You fdisk, format the drive, create primary partition to max available space, format it, then to make sure that you have a clean partition, delete it again, format the drive, create primary partition to the max size, format it. If the drive is bigger than 2 gig you can create additional partitions, just make sure that the boot partition is set as active.


----------



## DaveBurnett (Nov 11, 2002)

Now here is a sneaky one. Run FDISK and recreate the partition you deleted. make is active, but DON't Format it for now. The do a FDISK /MBR and you may just find that the original partition is now accessible and will boot. This is NOT guaranteed, but does often work if yo have done nothing else with the disk in the meantime.


----------



## twelcher (Aug 23, 2003)

Ok, here is the problem. When I turn on the computer it has the Bios info, etc. and then the last lines it says. Operating system not found.Invalid partiion talbe. Setup cannot continue. I tried to put inthe Windows start up disk, but it doesn't seem to access it.


----------



## Elvandil (Aug 1, 2003)

Try this partition repair program. Download it and run it to create a floppy. Boot from the floppy. At the prompt, type:
pr
to begin the recovery process. Follow the onscreen directions (I think it was Ctrl-Enter to start a scan of the drive to look for partitions).

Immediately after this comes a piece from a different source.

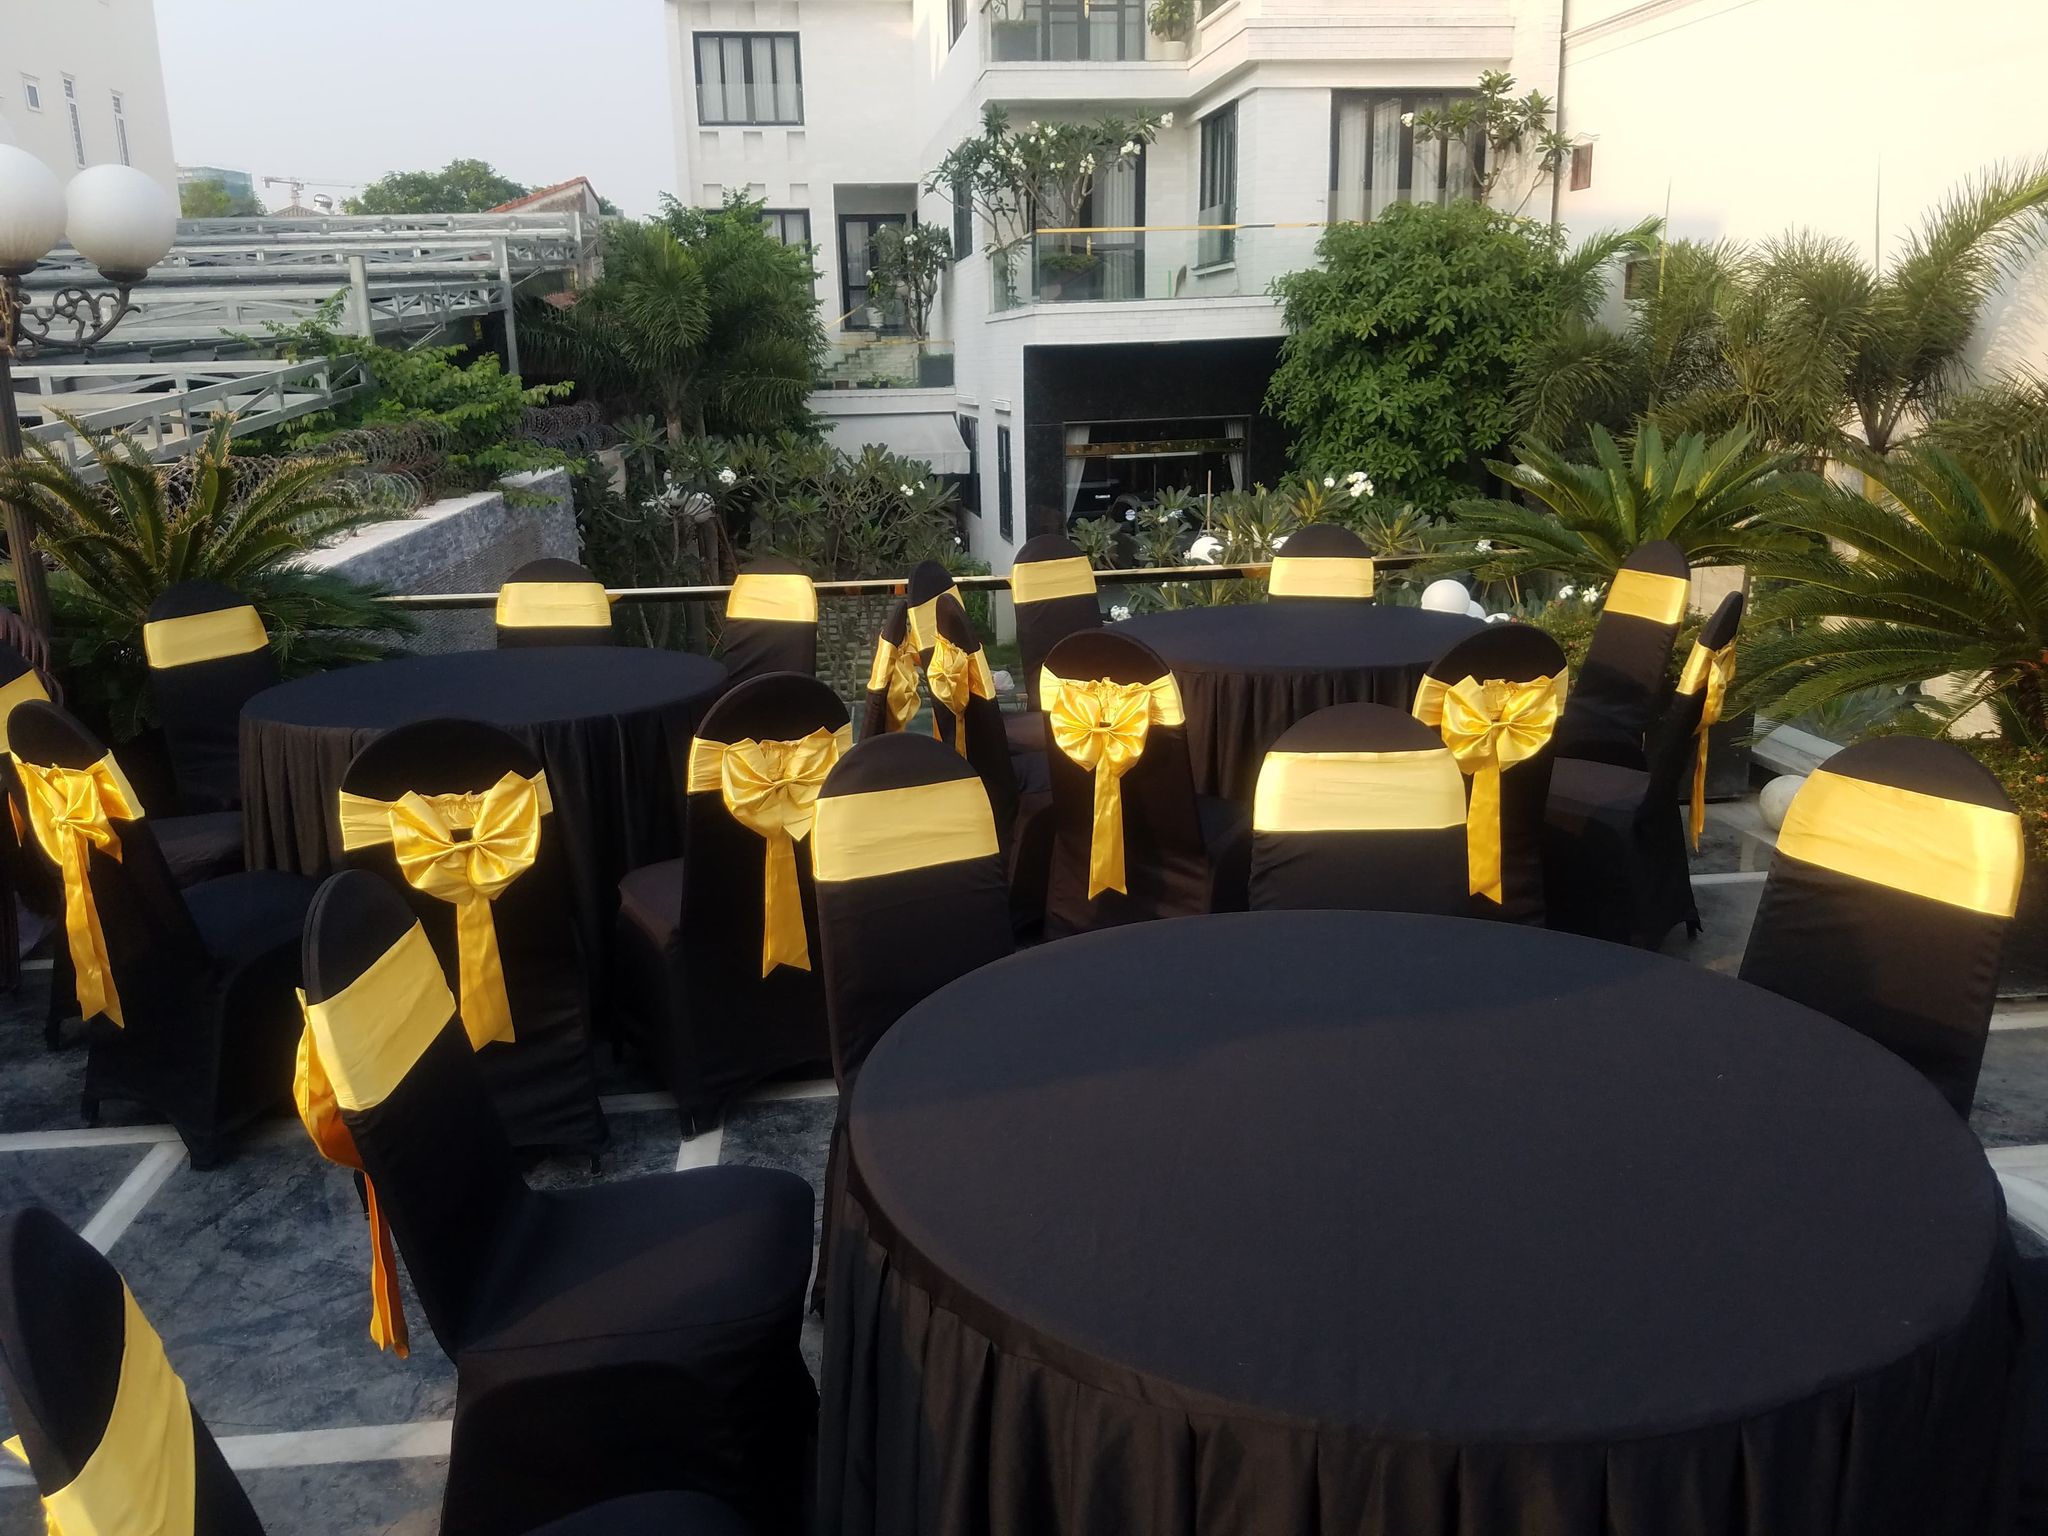 Cho thuê bàn ghế quận Gò Vấp sự kiện hội nghị đám cưới

http://users.adelphia.net/~abraxas/dl/APR.exe

If you can't boot from floppy or CD, go into BIOS setup and set the boot sequence to Floppy/CD/Hard Drive.


----------



## twelcher (Aug 23, 2003)

OK but I can't remember how to get into the BIOS. It won't boot from the floppy


----------



## Elvandil (Aug 1, 2003)

On Gateways, it's usually F1 or F2, but some require a jumper to be moved. Do you remember if yours did?


----------



## twelcher (Aug 23, 2003)

I am in setup but I don't know how to change the boot sequence


----------



## twelcher (Aug 23, 2003)

Found it. Boot sequence says A: then C:


----------



## twelcher (Aug 23, 2003)

Ok was able to access A drive, and downloaded the above , but it just says invalid disk.


----------